One of the earliest questions we faced was: how do you know when a travel recommendation is good? Price optimality is easy to measure. Fit is not.
Standard retrieval benchmarks measure precision and recall against a labelled ground truth. For travel, there is no canonical right answer. Two travellers with identical budgets and the same destination might have completely different definitions of a good hotel. Any benchmark that treats this as a retrieval problem is measuring the wrong thing.
We built our own benchmark suite around user journey replay. We collected a set of anonymised historical booking sessions — searches, filters applied, options viewed, final selection — and used these as ground truth for whether a recommendation was appropriate. If a user saw a result and booked it, that was a strong positive signal. If they filtered it out immediately, that was a negative.

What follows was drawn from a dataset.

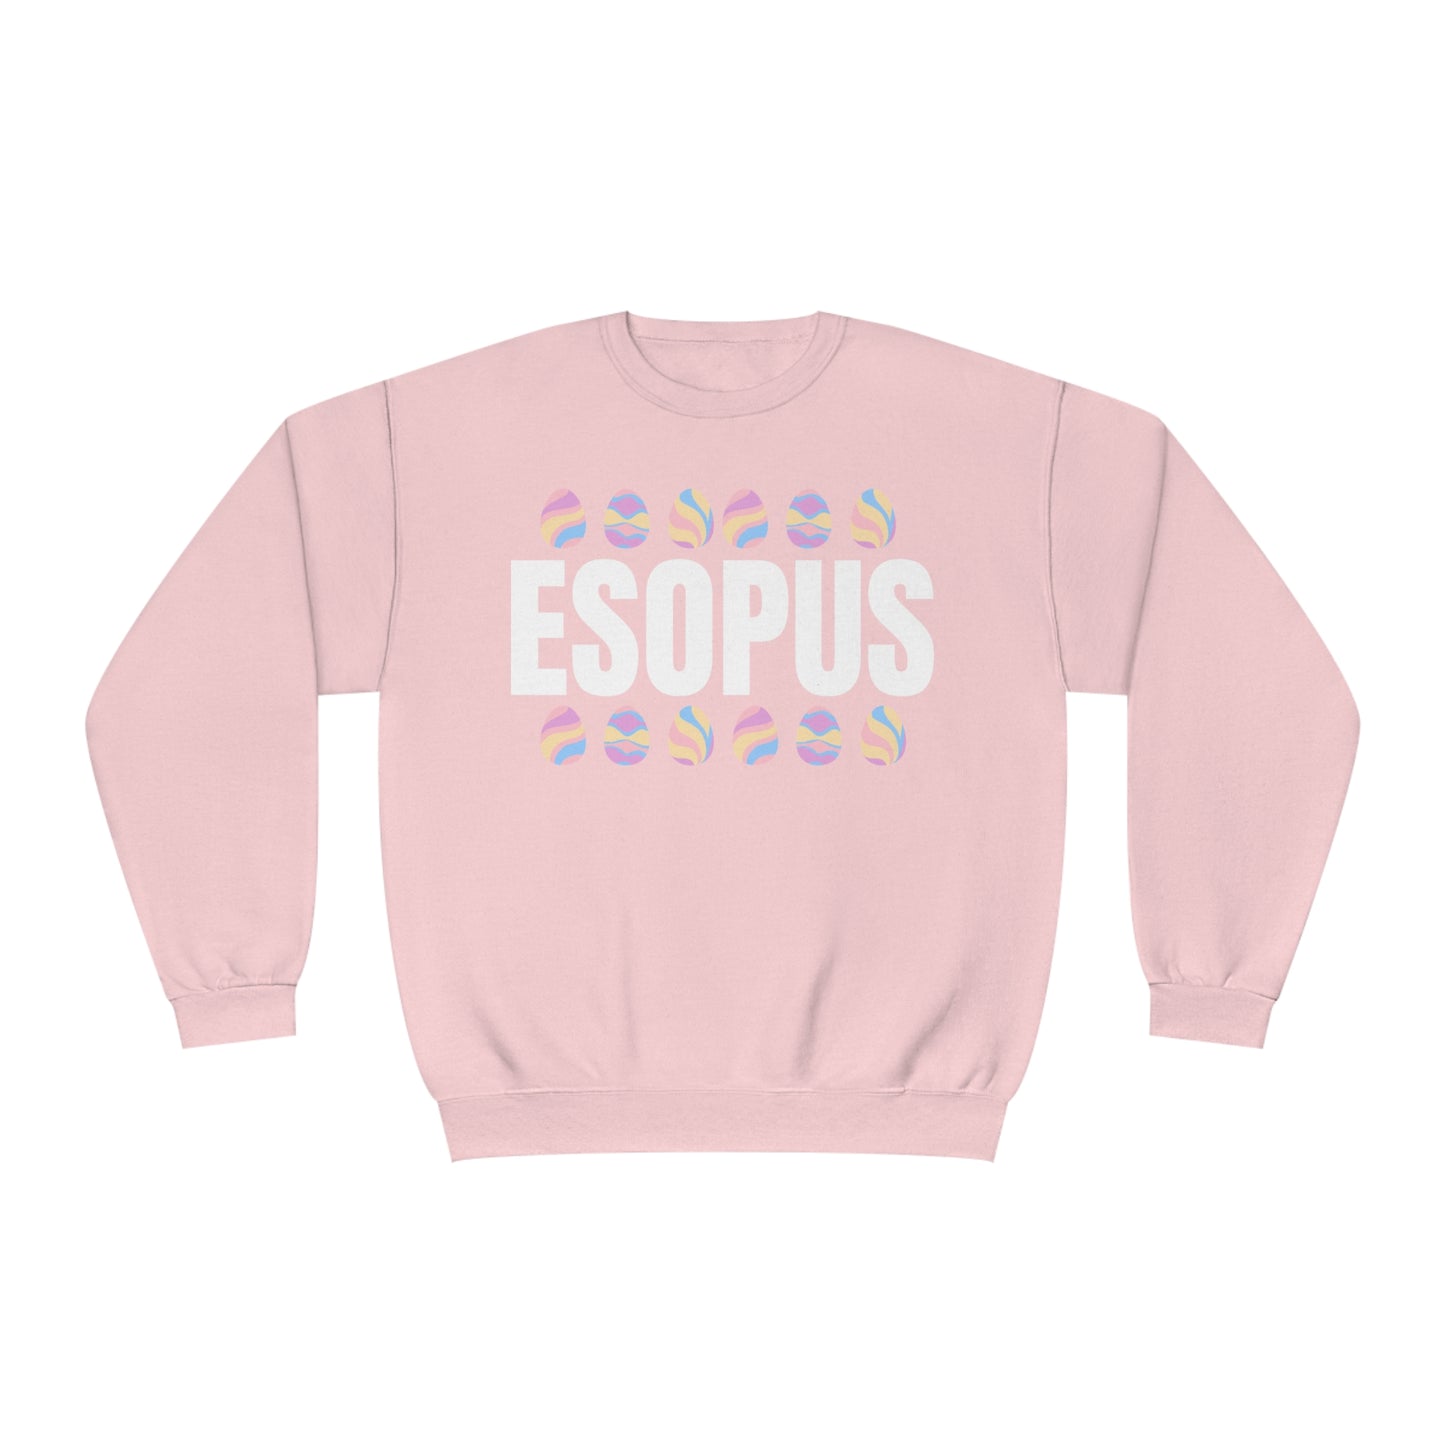 Unisex ESOPUS Easter Crewneck Sweatshirt

We then asked our model to rank the same candidate sets, blind to the final booking outcome, and compared its ranking to the revealed preference from the session. The metric we track is preference alignment at position one, three, and five — whether the user's eventual choice appeared in the top one, three, or five positions in Roavo's ranked output.
First-round results showed 71% alignment at position one and 89% at position three. For context: a naive price-sort achieves about 38% at position one for this dataset. The gap reflects the value of reasoning over sorting.
We also tested cases where our model's top recommendation differed from what the user actually booked. In roughly a third of those mismatches, annotators agreed the model's recommendation was objectively better on the stated criteria — suggesting that the historical sessions contain noise from user fatigue and imperfect search behaviour.
The benchmark is not perfect, and we are iterating on it constantly. But it gives us a reproducible signal that improves alongside the model, which is what we needed.